Contents

Tabel
Graph


Tabel:

Number of doubles Orig. Bcast / p=1 New Bcast / p=1 Orig. Bcast / p=2 New Bcast / p=2 Orig. Bcast / p=3 New Bcast / p=3 Orig. Bcast / p=4 New Bcast / p=4
1 0,000004 0,000004 0,000223 0,000262 0,000275 0,000267 0,000459 0,000290
10 0,000004 0,000004 0,000268 0,000268 0,000290 0,000276 0,000457 0,000312
100 0,000004 0,000007 0,000746 0,000741 0,000818 0,000739 0,001220 0,000894
1000 0,000006 0,000037 0,002422 0,002329 0,003103 0,003093 0,005784 0,003748
10000 0,000052 0,000379 0,017470 0,015790 0,029754 0,027422 0,049730 0,040134

Graph:




These are the results of the tests I performed using the original broadcast-function (Orig. Bcast) provided by the MPI-framework and the functions written by myself (New Bcast) using P2P-communication. Each test is performed 100 times before calculating the average result. The number of processes used for each test is denoted in the tabel by p=x, where x is the actual number of procs. As it is not necessary for performance testing, I have not implemented my own functions for ALL datatypes and ALL reduction-functions but only for MPI_DOUBLE and MPI_SUM.

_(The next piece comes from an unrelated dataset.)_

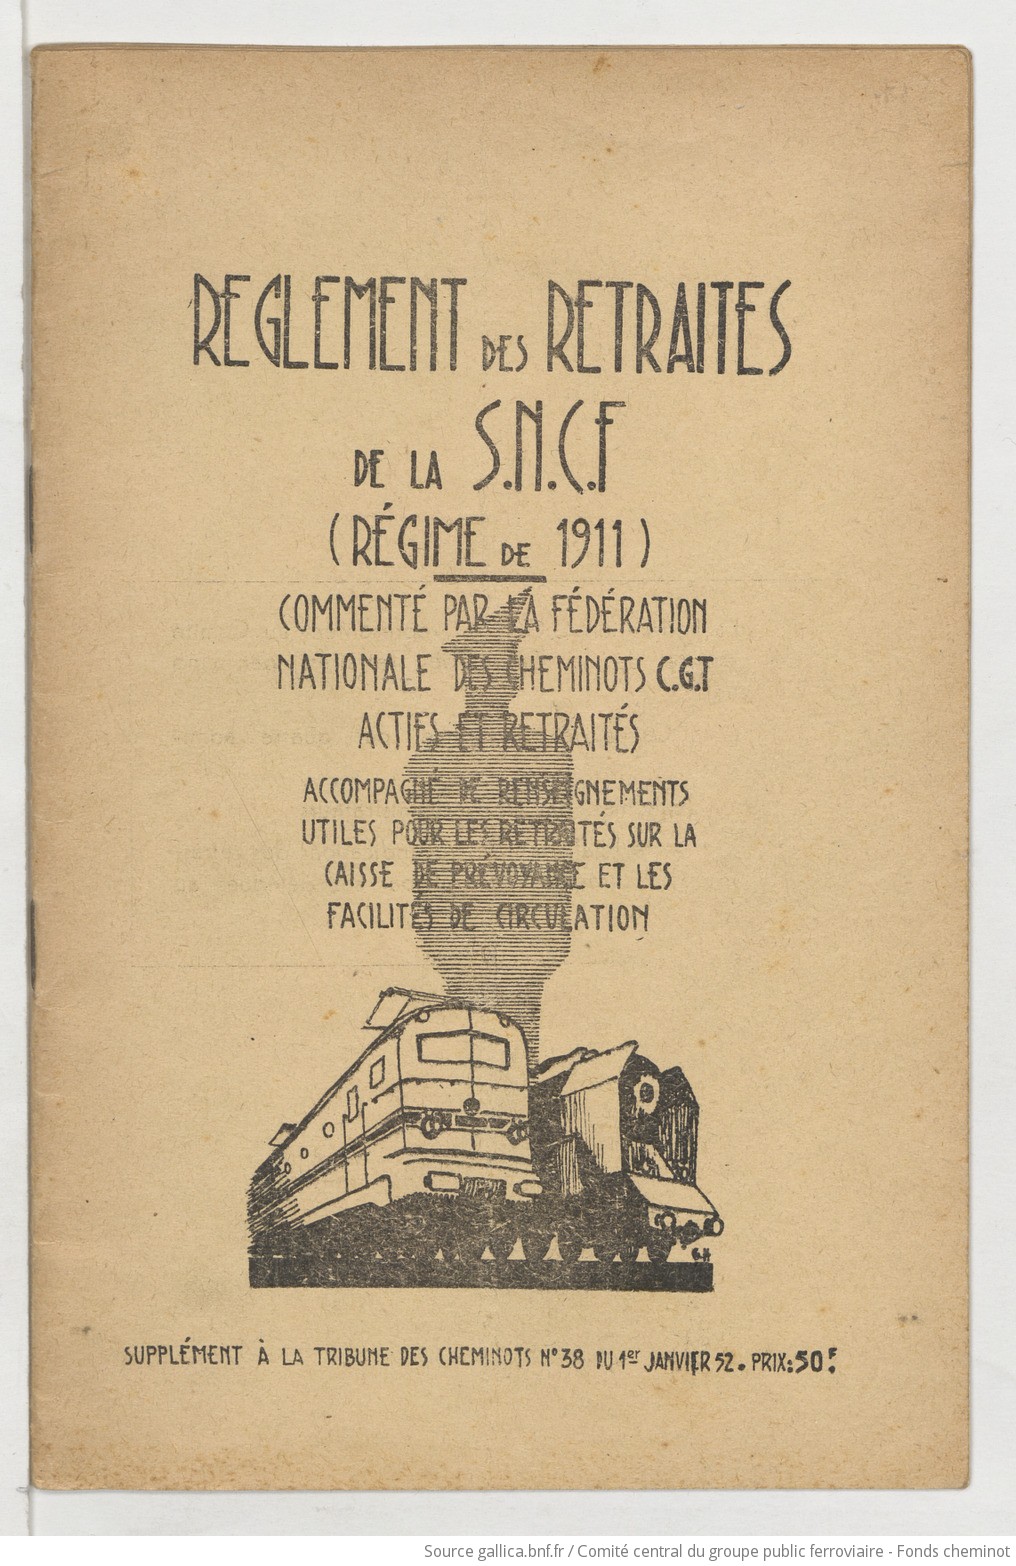 Règlement des retraites de la SNCF (régime de 1911) commenté par la Fédération nationale des cheminots CGT actifs et retraités. La Tribune des cheminots, supplément au n°38, 1er janvier 1952

The results show that the performance of the original and the self-written functions mostly does not differ much. An interesting point is, that the original functions seem to be a little faster when using few processes whereas my own functions perform better at higher numbers of processes. The cause could be a restriction on BC-traffic on the machines I tested the program on. I used the machines at the university in the late evening. As I am not aware of the algorithms used in the original implementation I cannot denote differences between the original and the new implementation.